Activity:
When you come to a picture, pass over it, and set down the entries below exactly.

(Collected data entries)
----

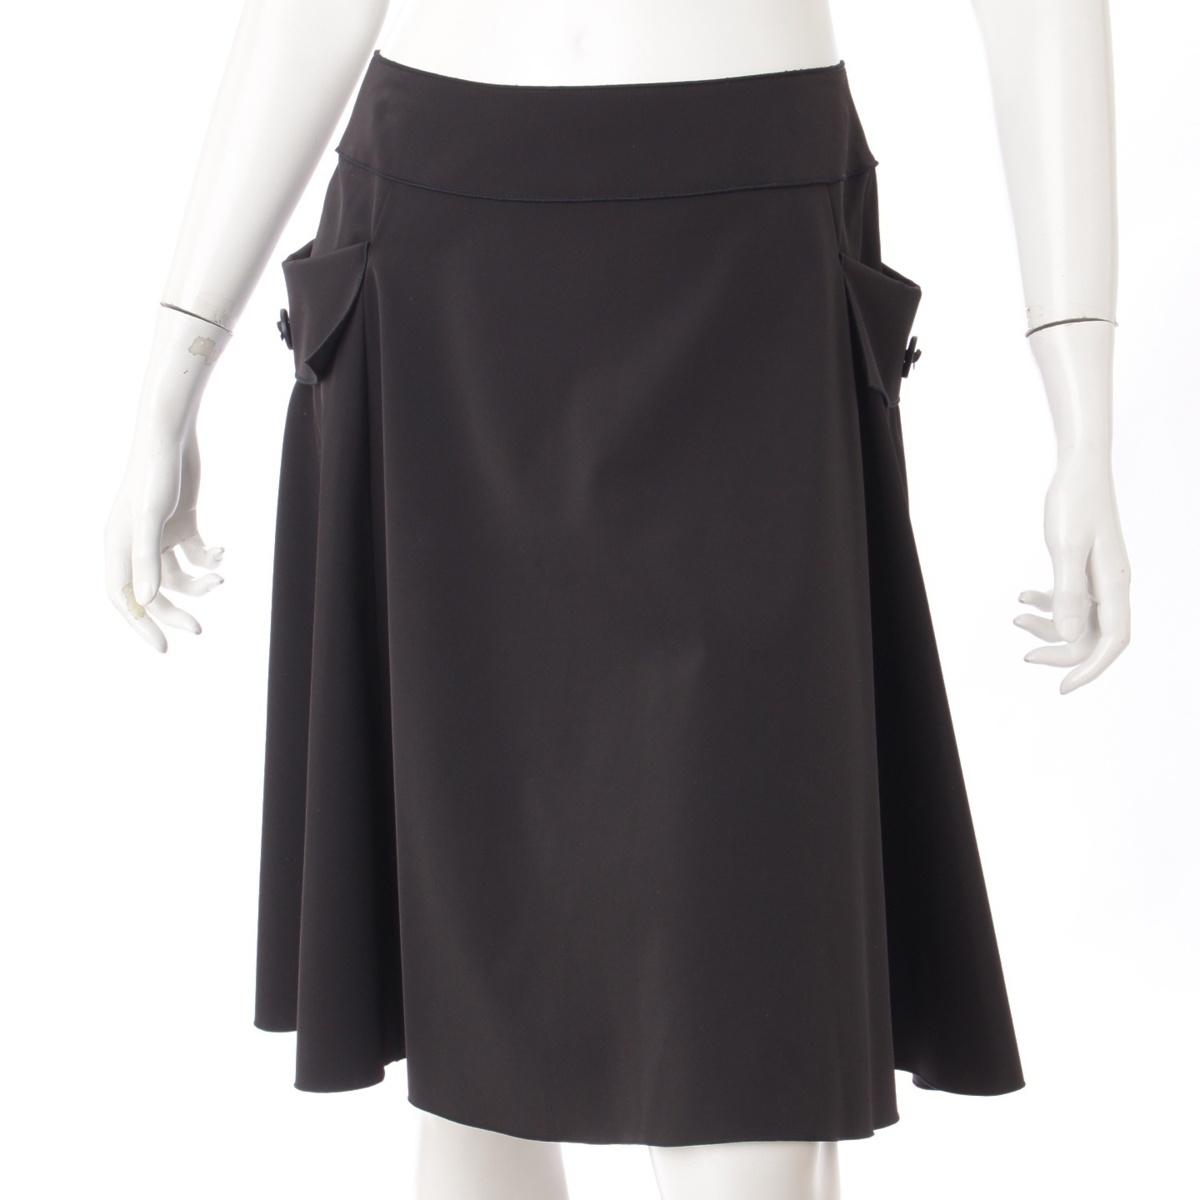 【フォクシーニューヨーク】Foxey New York ポケット付き スカート 25186 ブラック 40 【中古】【鑑定済・正規品保証】55598
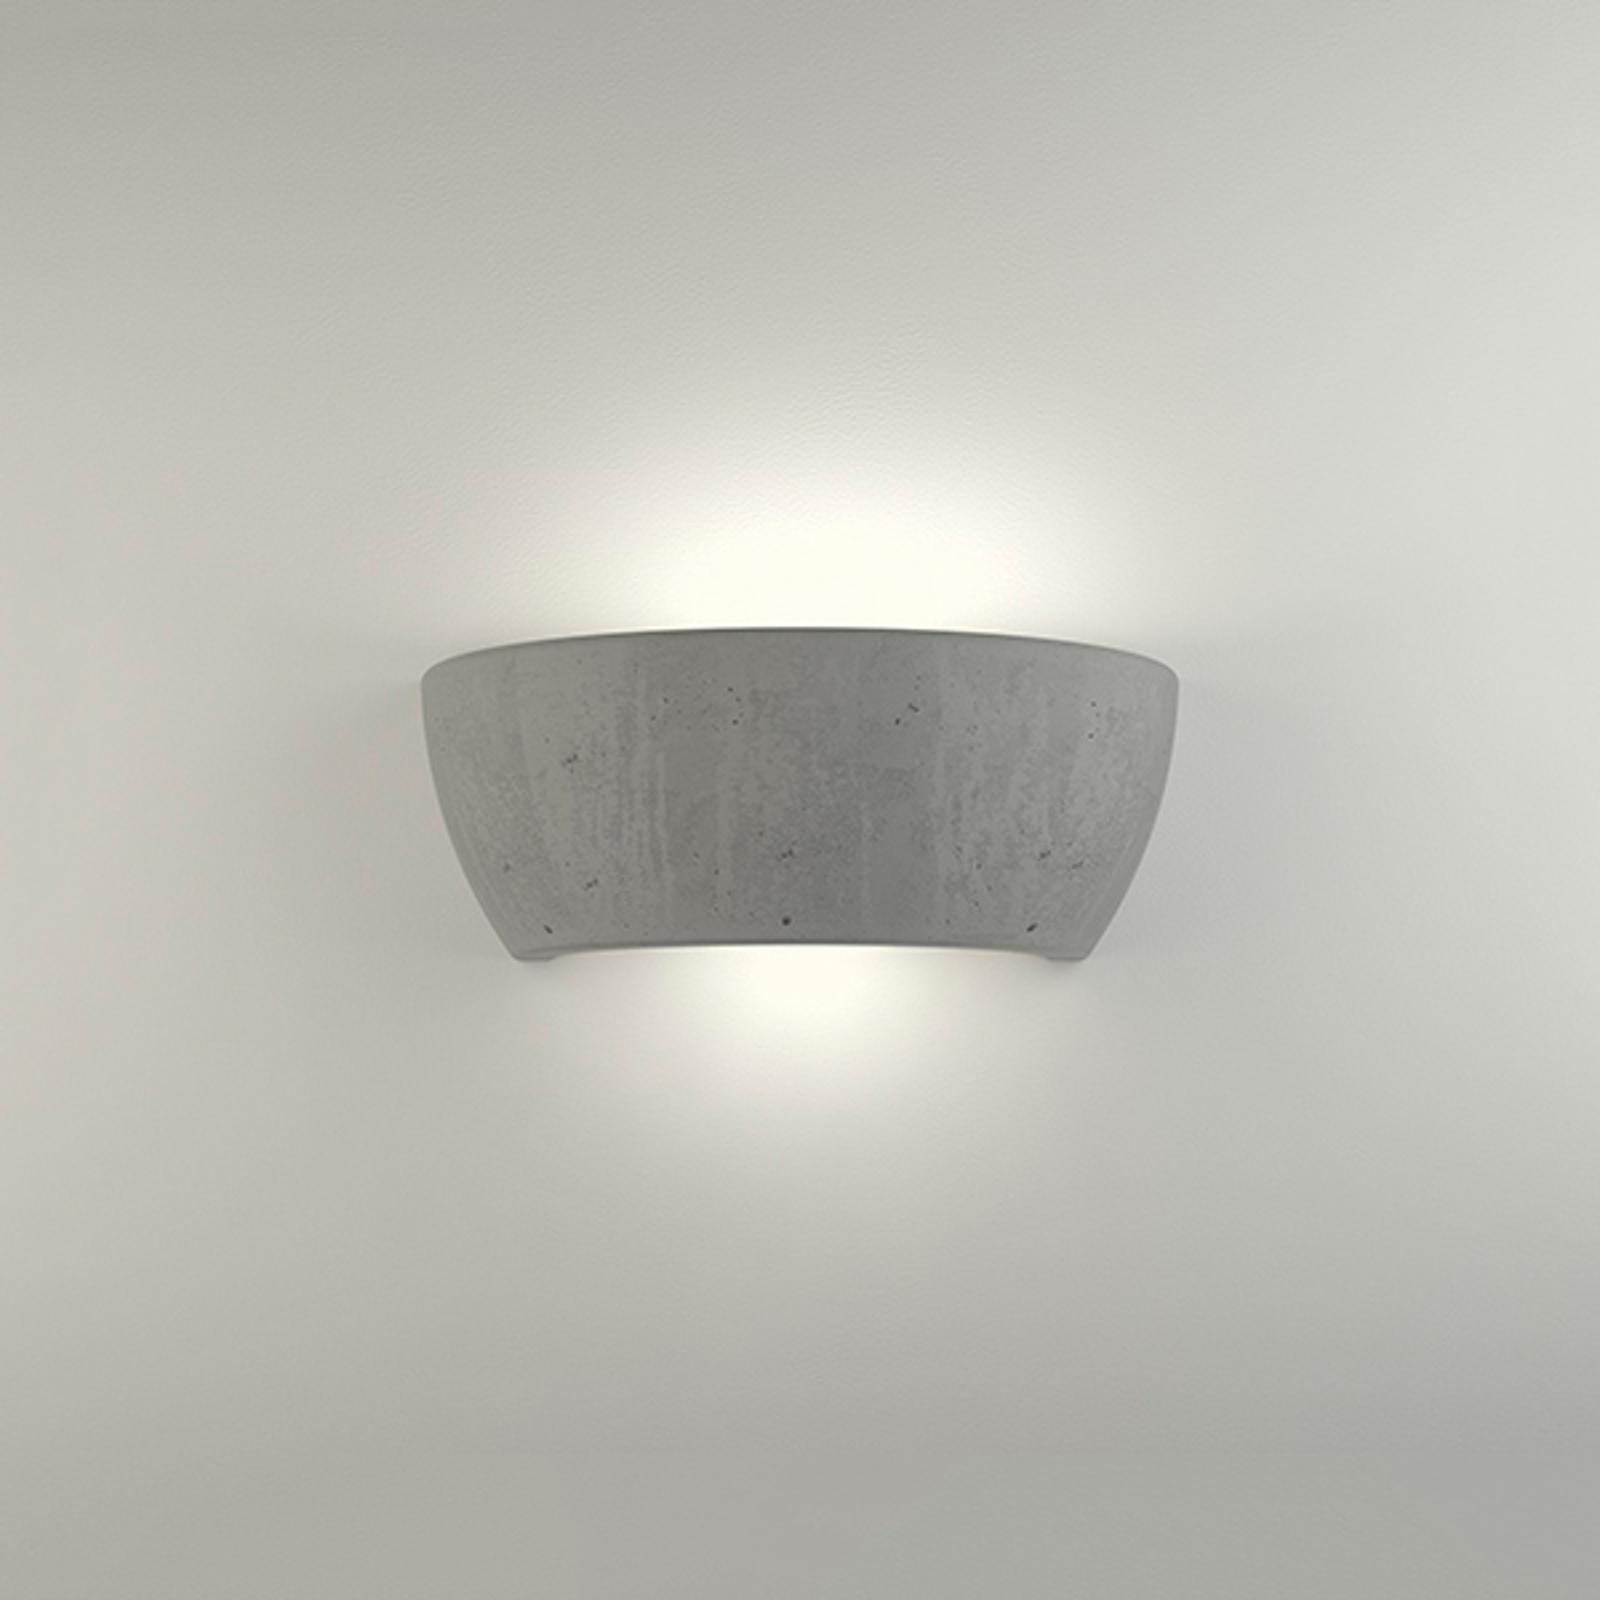 LED nástěnné světlo, 2457, beton, 3000 K, nestmív.
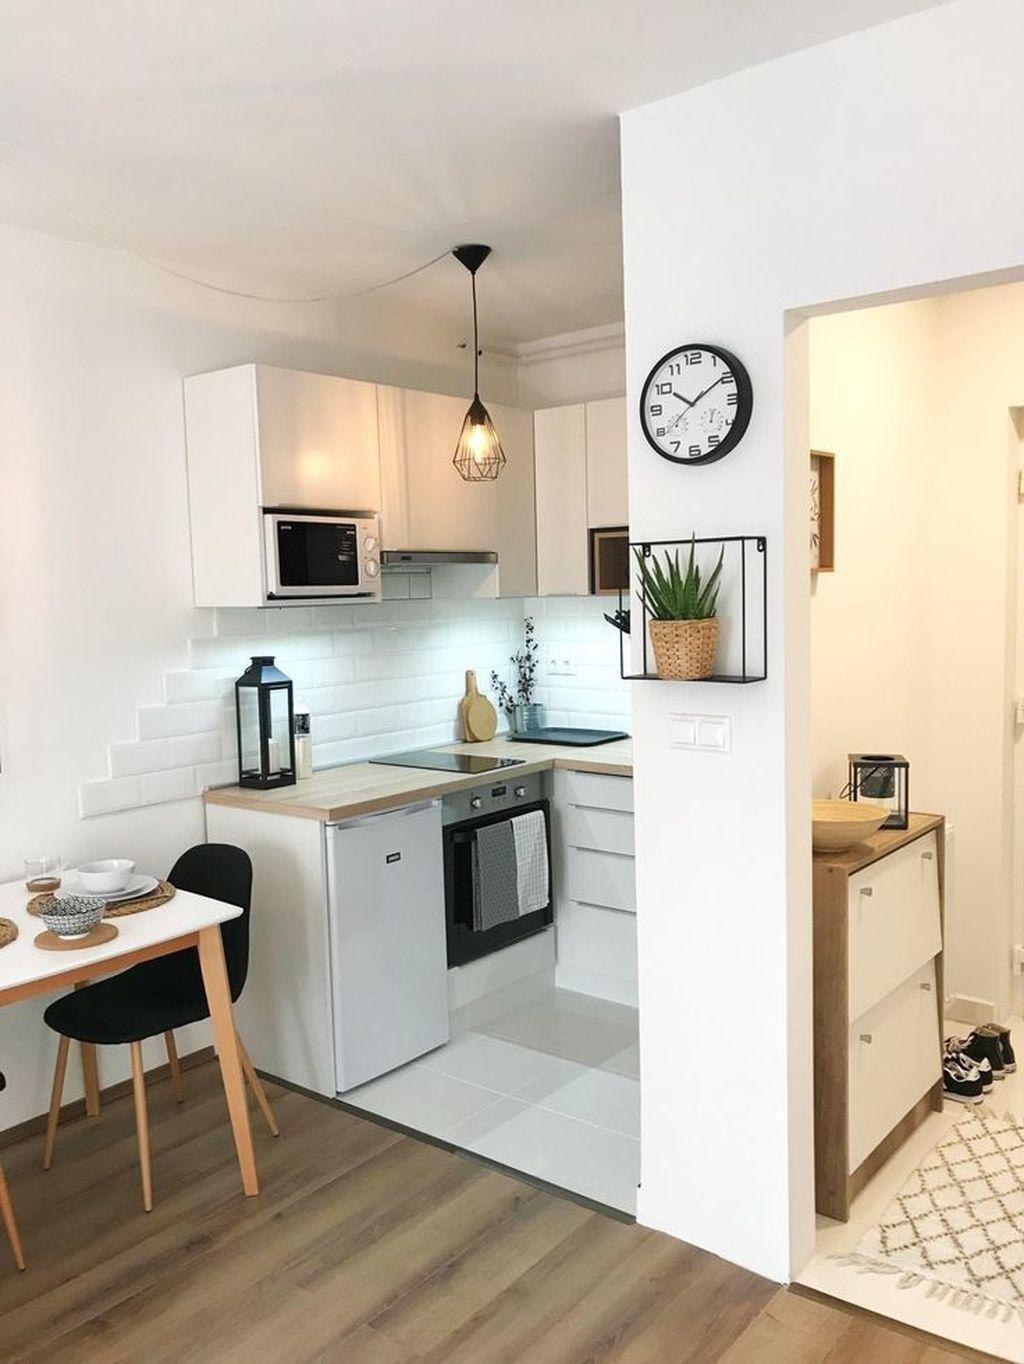 35 Brilliant Small Apartment Kitchen Ideas In 2020 Simple
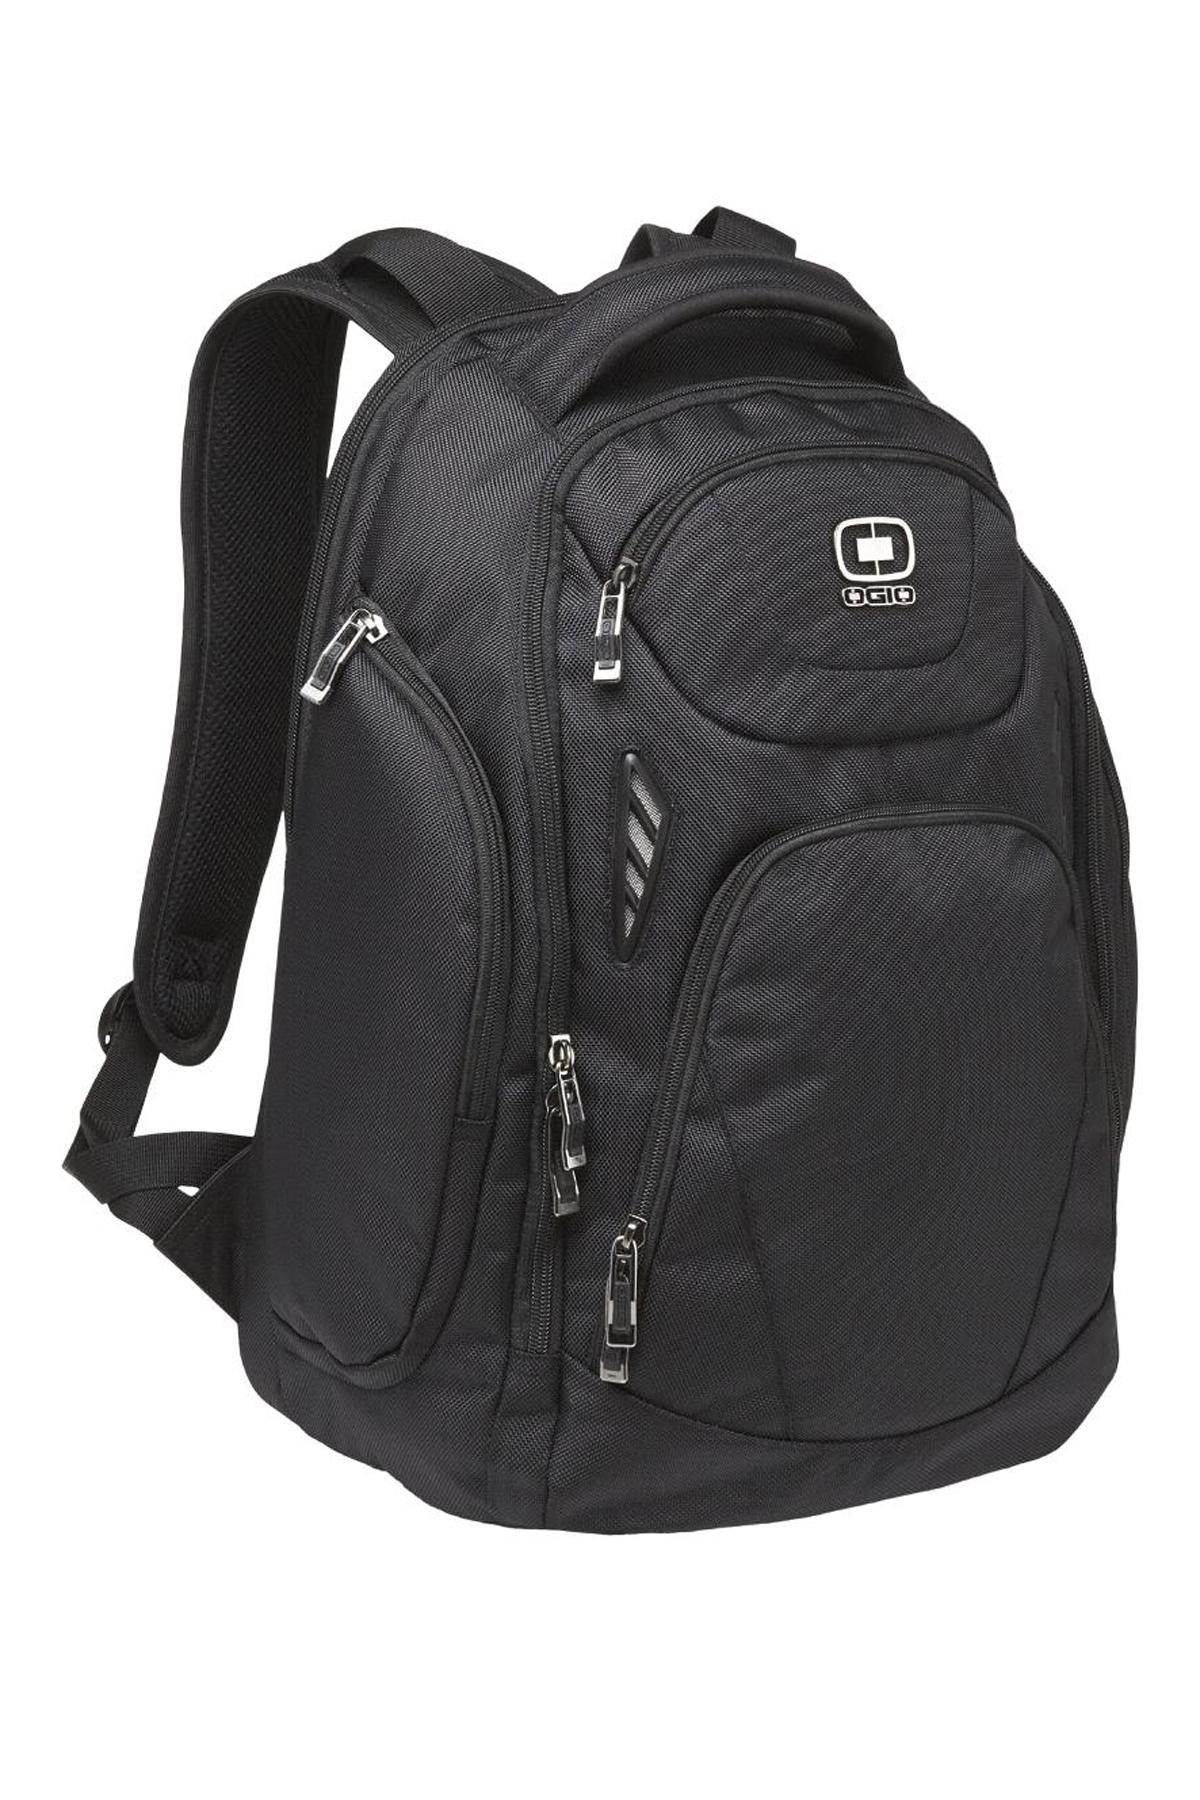 Bags-Backpacks-12
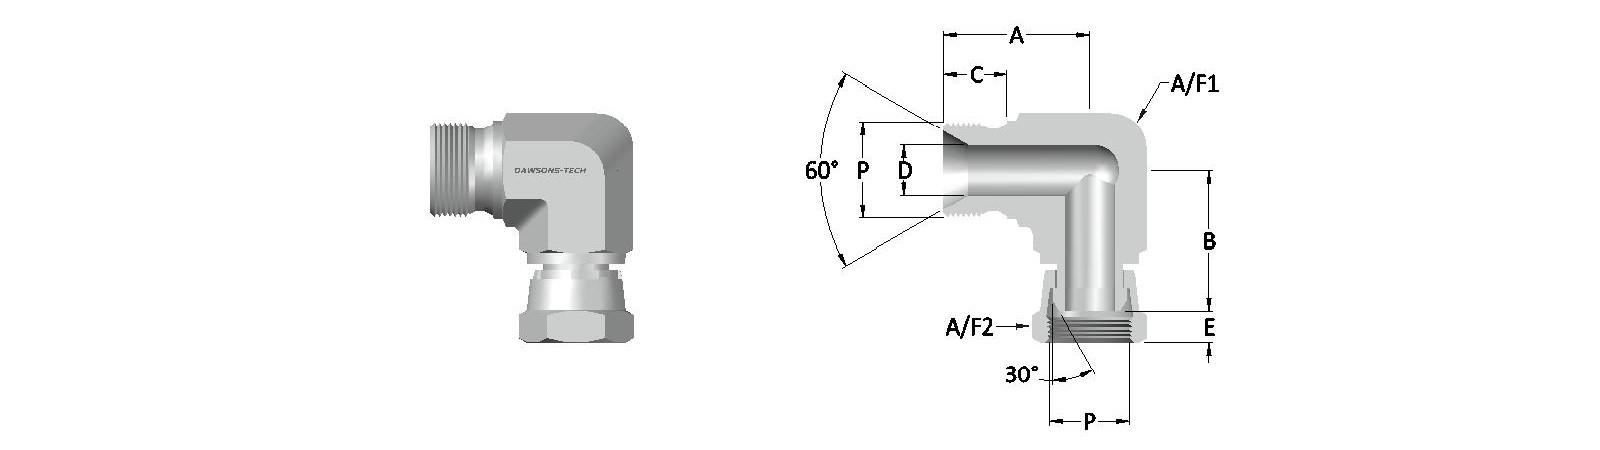 03 Male - Swivel Female Elbow BSP (Parallel) Thread-Model

----

Response to the task:
 【フォクシーニューヨーク】Foxey New York ポケット付き スカート 25186 ブラック 40 【中古】【鑑定済・正規品保証】55598
 LED nástěnné světlo, 2457, beton, 3000 K, nestmív.
 35 Brilliant Small Apartment Kitchen Ideas In 2020 Simple
 Bags-Backpacks-12
 03 Male - Swivel Female Elbow BSP (Parallel) Thread-Model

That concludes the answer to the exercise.